Edwards v. Dillon

147 Ill. 14 | Ill. | 1893

Mr. Justice Magruder

delivered the opinion of the Court:

This is an action of assumpsit brought by the appellant against the appellee upon the following sealed instrument:

“This is to Certify that Levi Dillon & Sons have this day sold to B. Edwards, of Chicago, Ill., the imported Norman stallion, Cambrone, for the sum of eighteen hundred dollars. We-warrant the said stallion sound and healthy, but assume no' responsibility on account of disease or accident after this date. We guarantee that the said stallion, with proper handling, shall prove to be an average foal-getter. In case the said stallion shall fail to get colts, we agree to exchange him for a stallion of equal merits, and to pay half of the expense incurred in making said exchange. Said stallion shall have a fair trial of two years before being condemned as a breeder. Cambrone was foaled in France in 1880, and imported to the United States by Dillon Brothers in 1888. Cambrone is recorded in the National Register of Norman Horses, No. 2081.

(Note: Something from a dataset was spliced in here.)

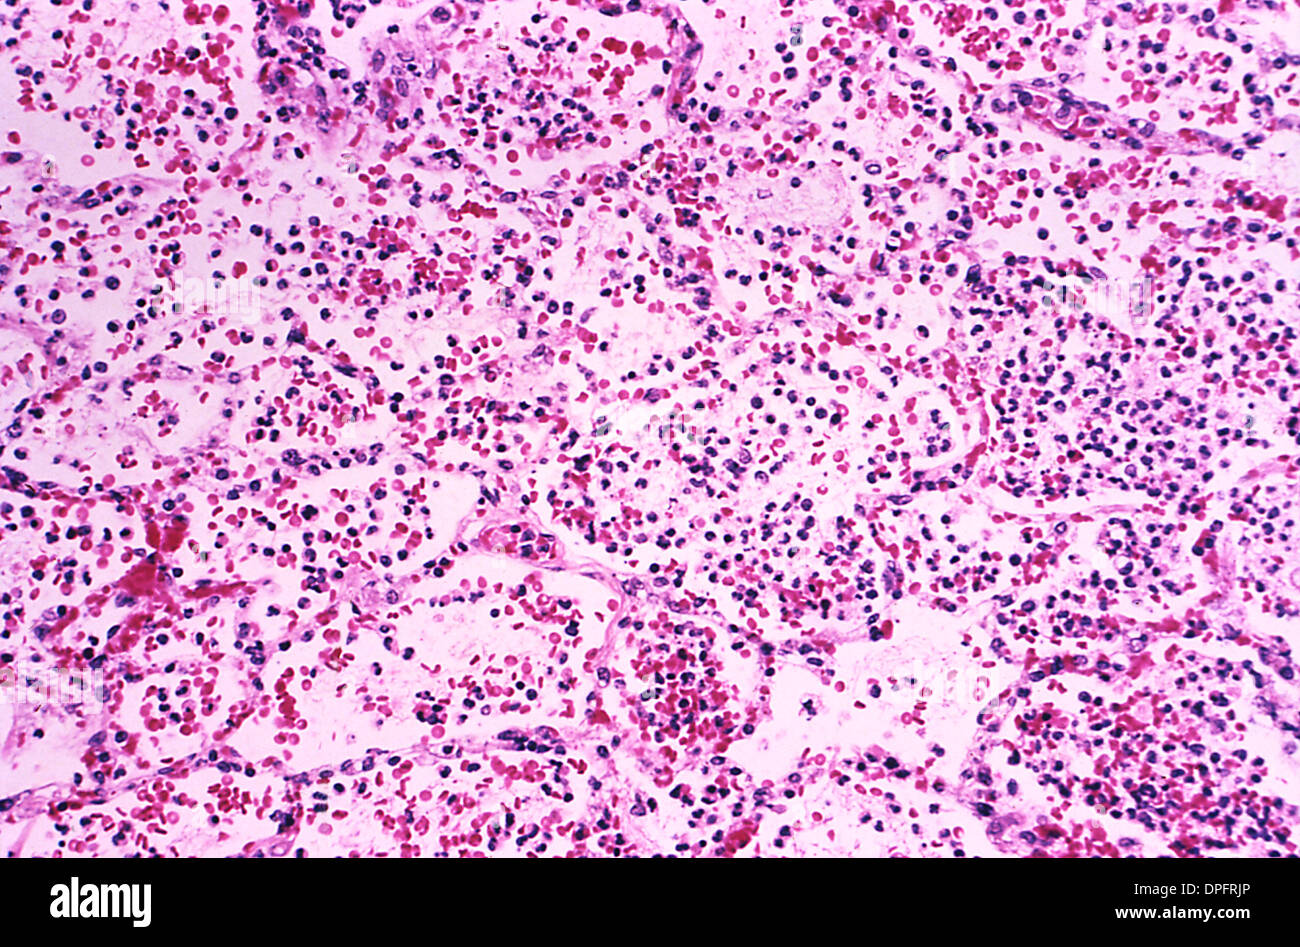 lung tissue in a case of human plague pneumonia Stock Photo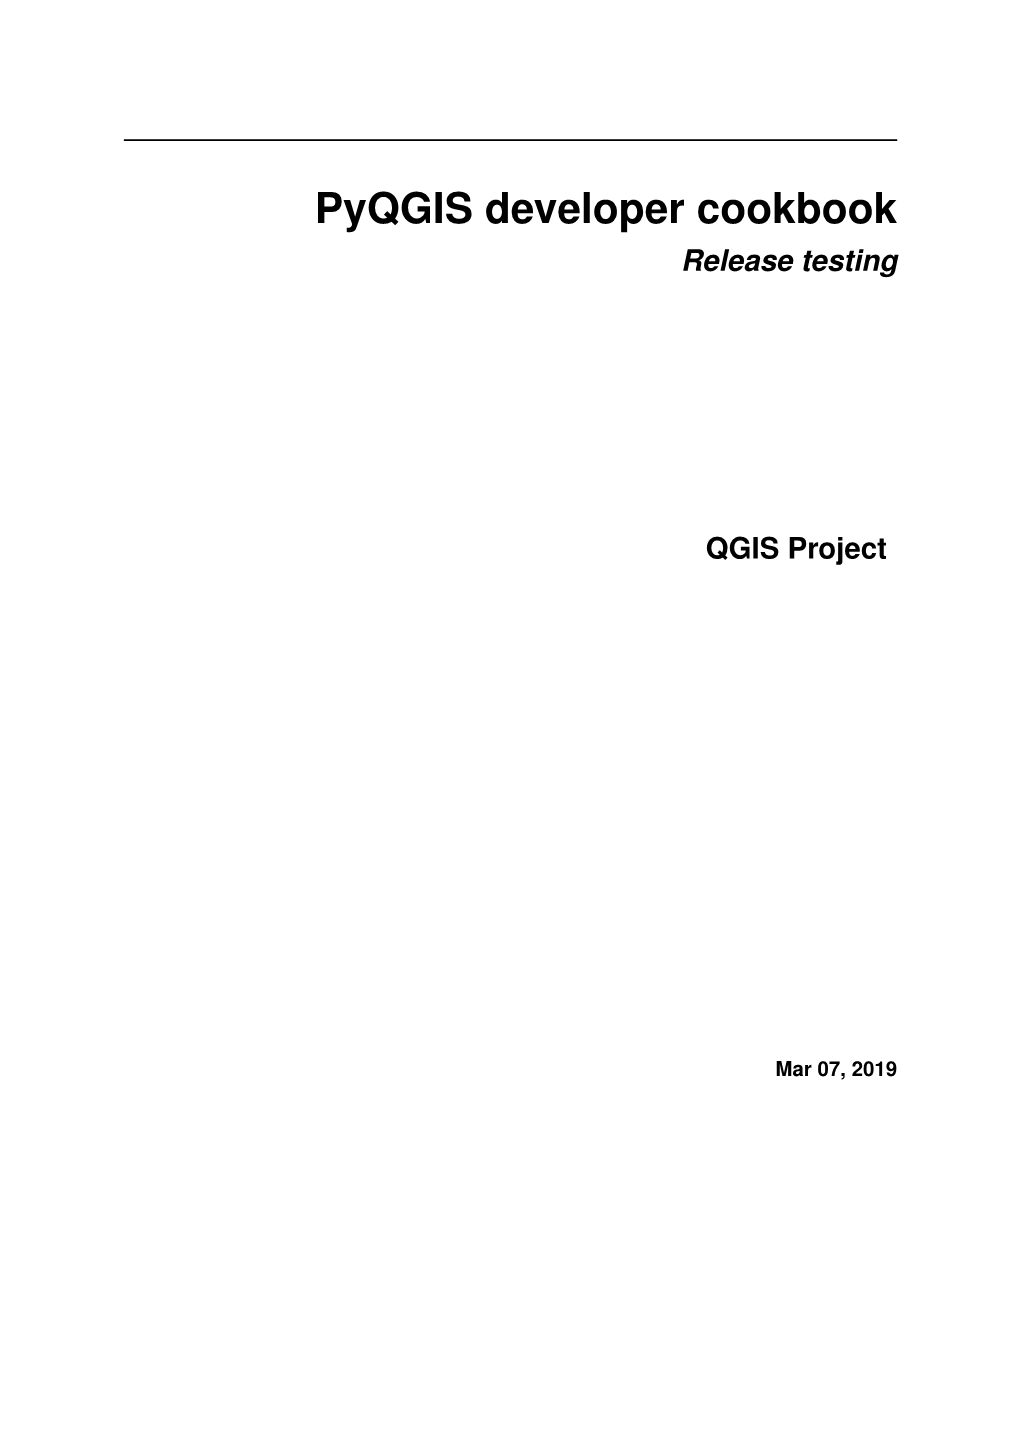 Pyqgis Developer Cookbook Release Testing

“In witness whereof, we have hereunto set our hands and seal this thirtieth day of January, 1884.

Levi Dillon & Sons. [Seal.]”

All of the foregoing instrument was a part of the printed form hereinafter referred to, except the signature to said instrument, and those words thereof which are italicized. The declaration avers breaches of the warranty and guarantee set forth in the certificate.

The defendant, Levi Dillon, pleaded in abatement the nonjoinder of his four partners, setting up that the alleged promises, if any, were made by the firm of “Levi Dillon & Sons,” composed of Levi Dillon, John Harding, James Bailsback, Ellis Dillon and James C. Duncan, and that the horse in question, at the time of the sale, was the property of the firm and not of Levi Dillon alone. The plaintiff did not amend his declaration by making new parties, but filed his replication joining an issue of fact on the plea. In the circuit court there was a trial by jury, and verdict and judgment were in favor of the defendant, which judgment has been affirmed by the Appellate Court.

It is admitted, that the signature to the contract, “Levi Dillon & Sons,” was made by Levi Dillon alone. The issue tried below was, whether or not the contract was the contract of Levi Dillon & Sons, or of Levi Dillon alone. The jury found it to be the contract of the firm, and the judgment of the Appellate Court is conclusive of the question of fact.

But it is urged by appellant, that the court erred in allowing the defendant to introduce, over plaintiff’s objection, oral proof of the partnership, upon the alleged ground that the contract sued on was under seal, and that Levi Dillon had no power to sign a sealed instrument for the firm, and that, therefore, under the law the signature was that of Levi Dillon alone, and that he alone was liable. The same question presented by the objections to evidence arises upon the instructions. It is assigned as error, that the court refused to instruct the jury, at plaintiff’s request, that, “in order to bind the partners by signing and sealing the contract in question in the firm name of Levi Dillon & Sons, the defendant must have had express authority from each one of his partners to execute the contract under seal.”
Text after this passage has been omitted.